Source material:

******************************

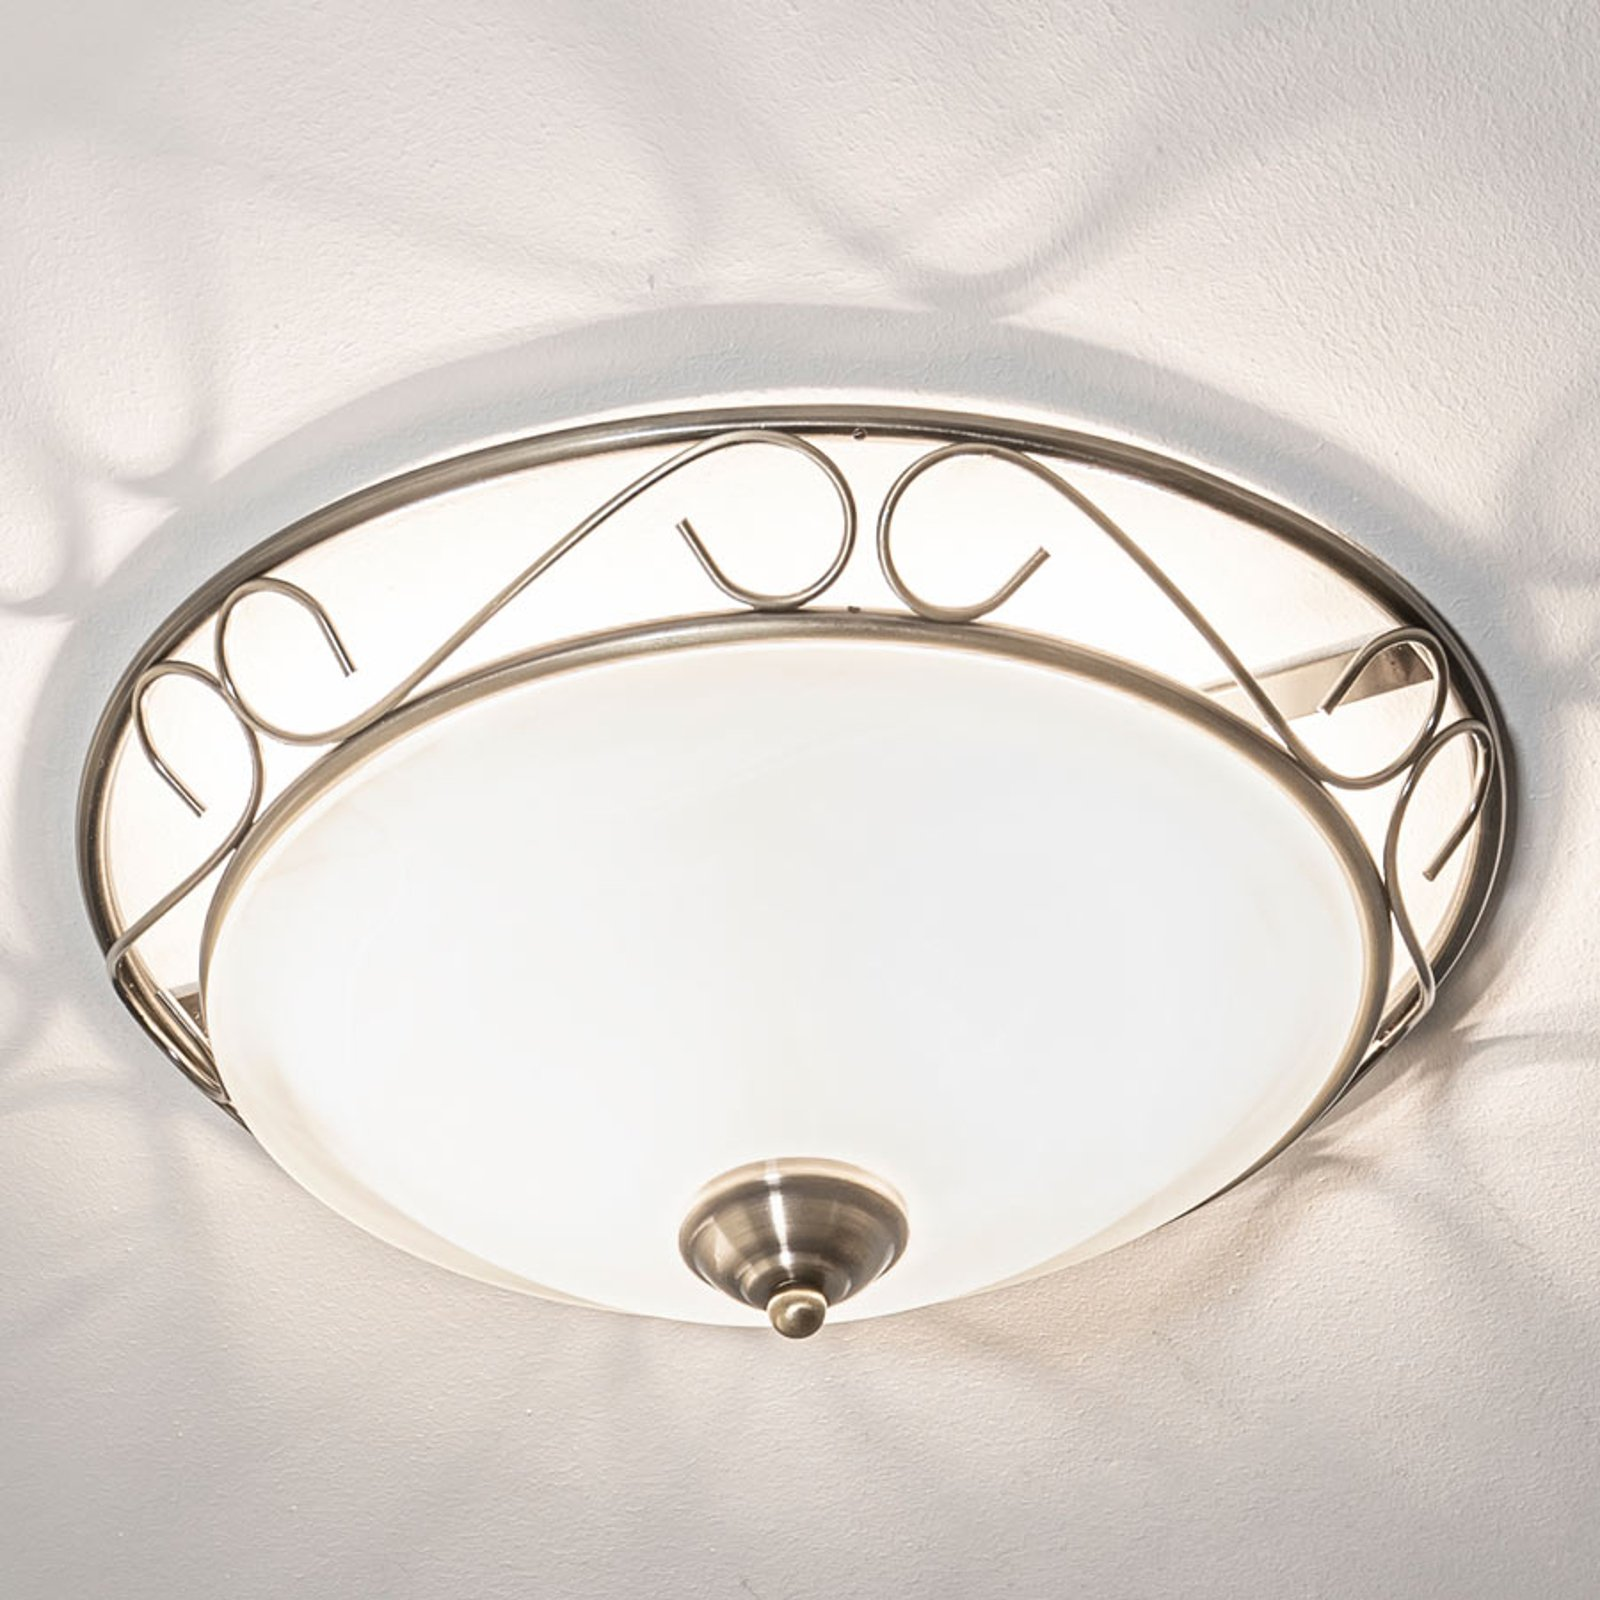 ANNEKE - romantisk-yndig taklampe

******************************

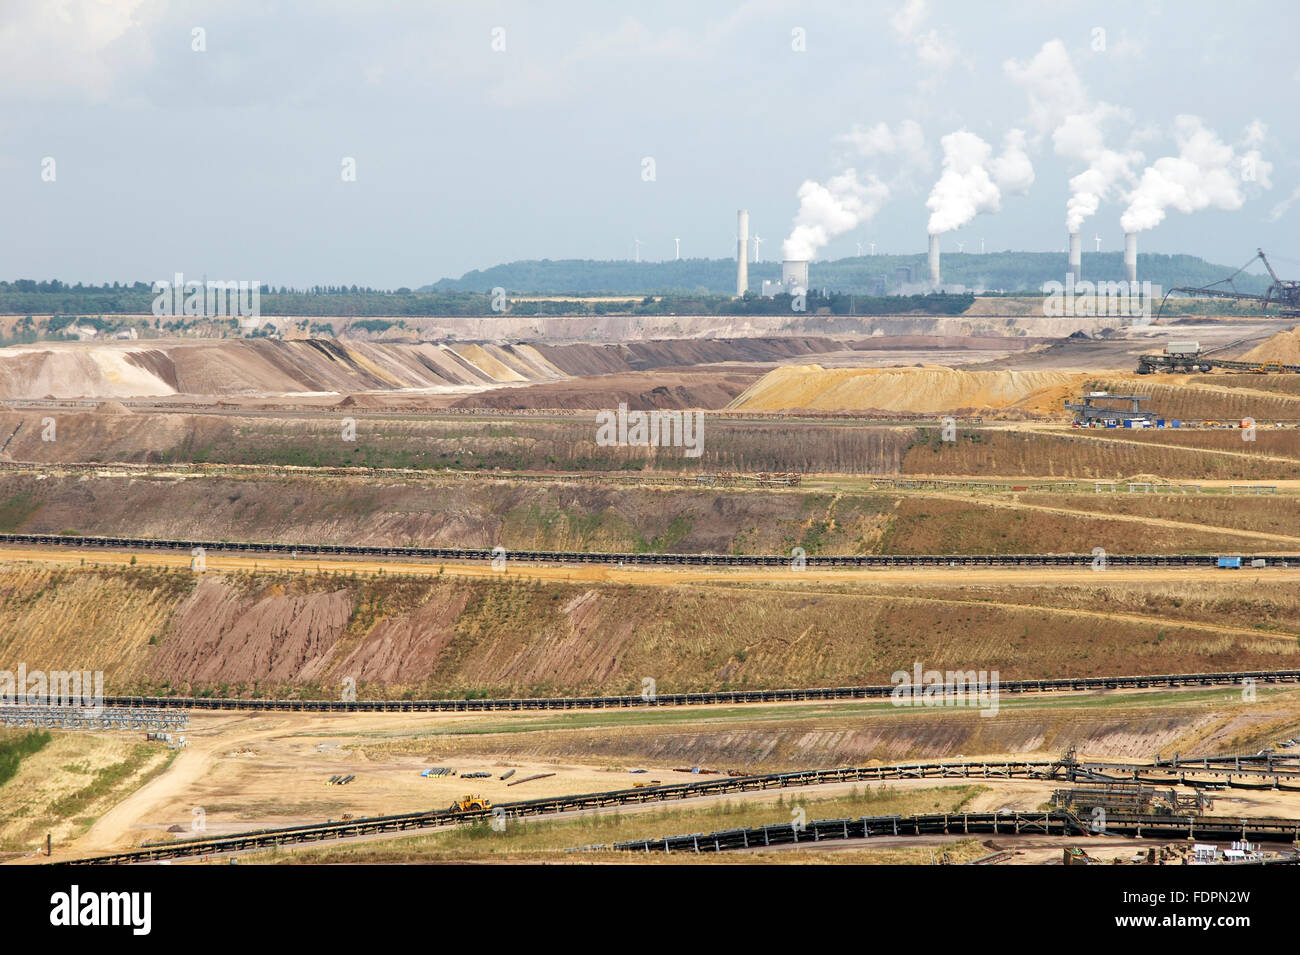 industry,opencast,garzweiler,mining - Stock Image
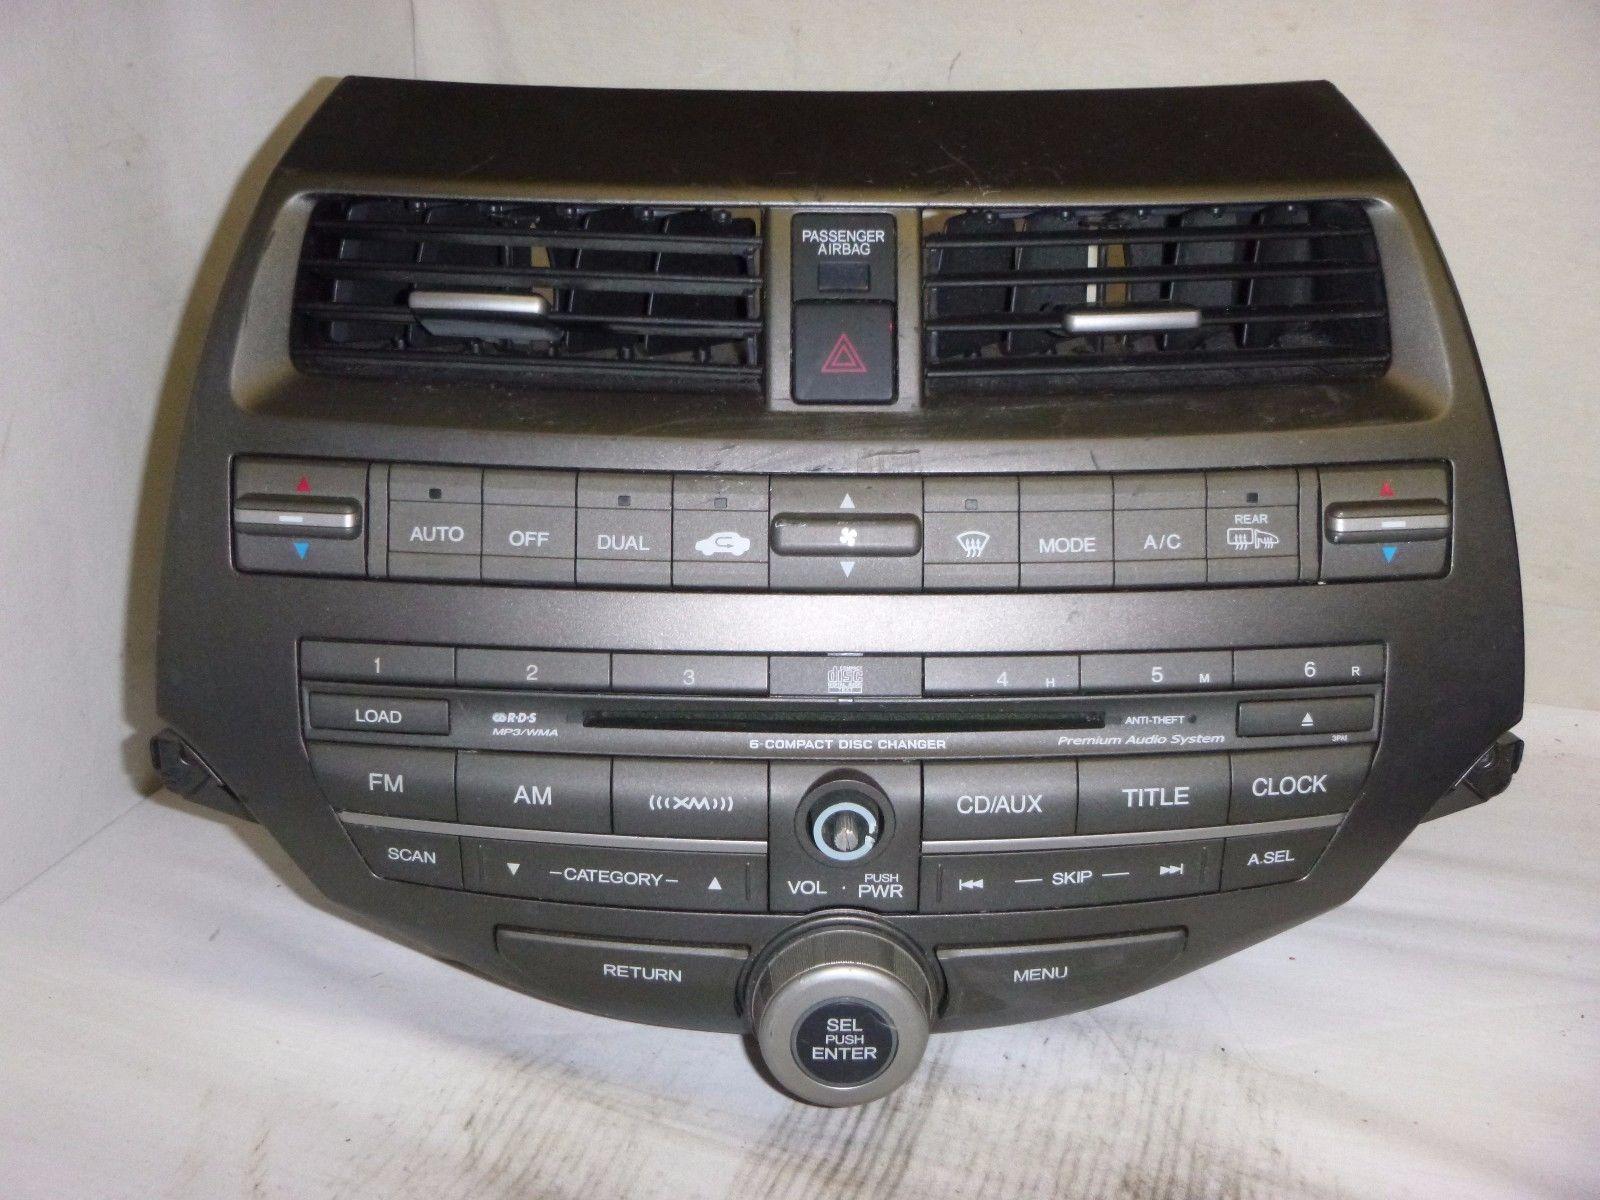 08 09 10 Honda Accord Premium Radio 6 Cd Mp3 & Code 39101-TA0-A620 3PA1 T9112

******************************

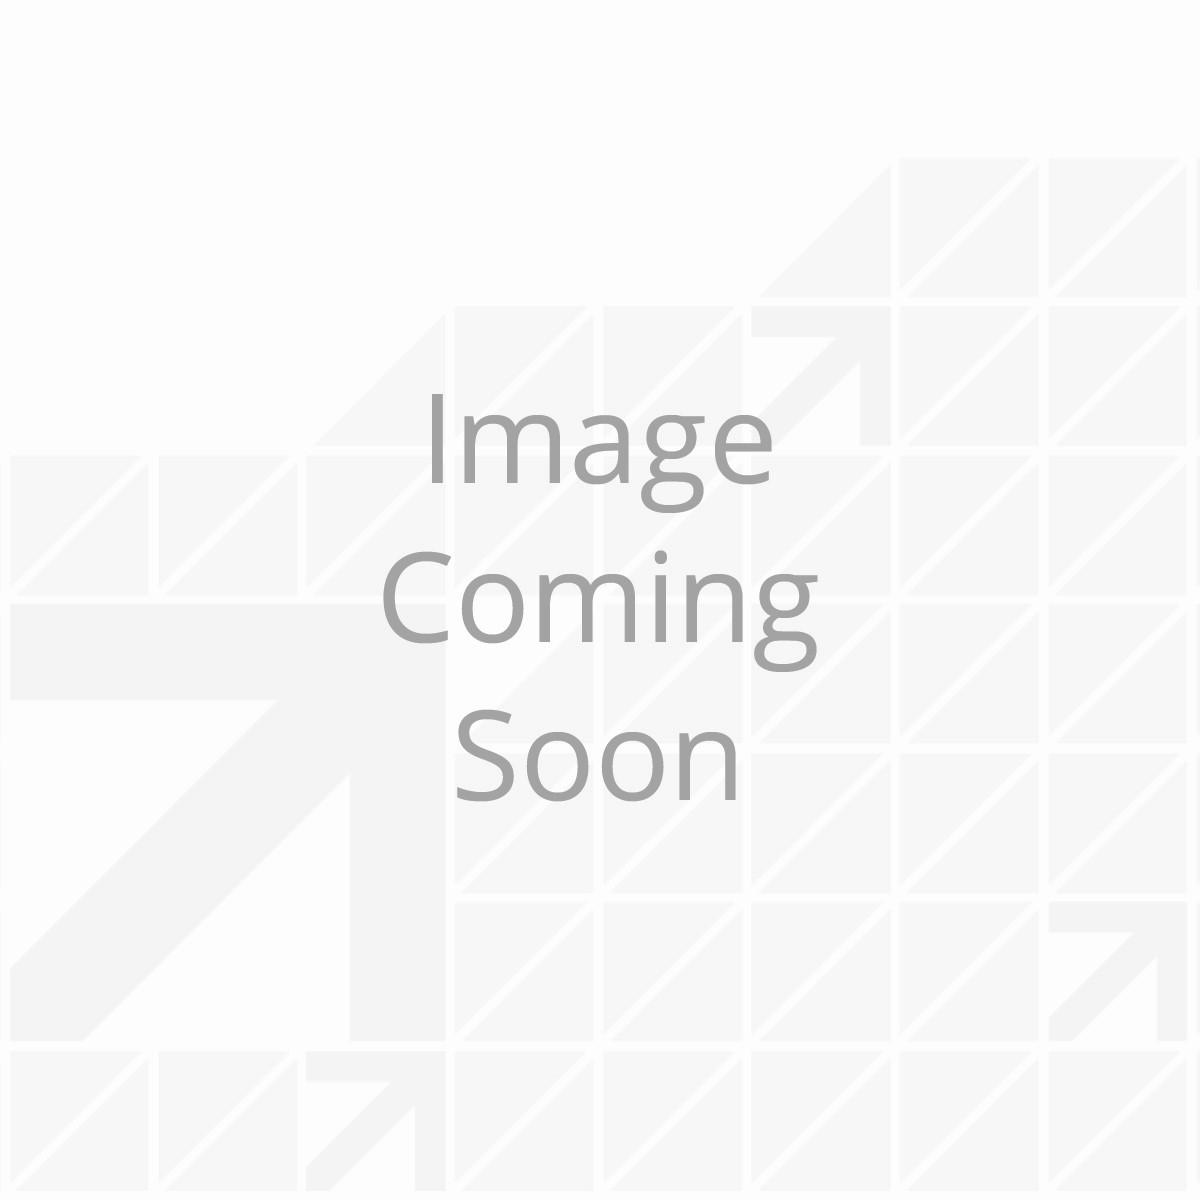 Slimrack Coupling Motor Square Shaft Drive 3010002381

******************************

Prompt: Could you write out exactly the lines of the data above that run from the one holding "industry,opencast,garzweiler,mining - Stock" to the one holding "08 09 10 Honda", with both ends in and all pictures out?

Exercise solution:
 industry,opencast,garzweiler,mining - Stock Image
 08 09 10 Honda Accord Premium Radio 6 Cd Mp3 & Code 39101-TA0-A620 3PA1 T9112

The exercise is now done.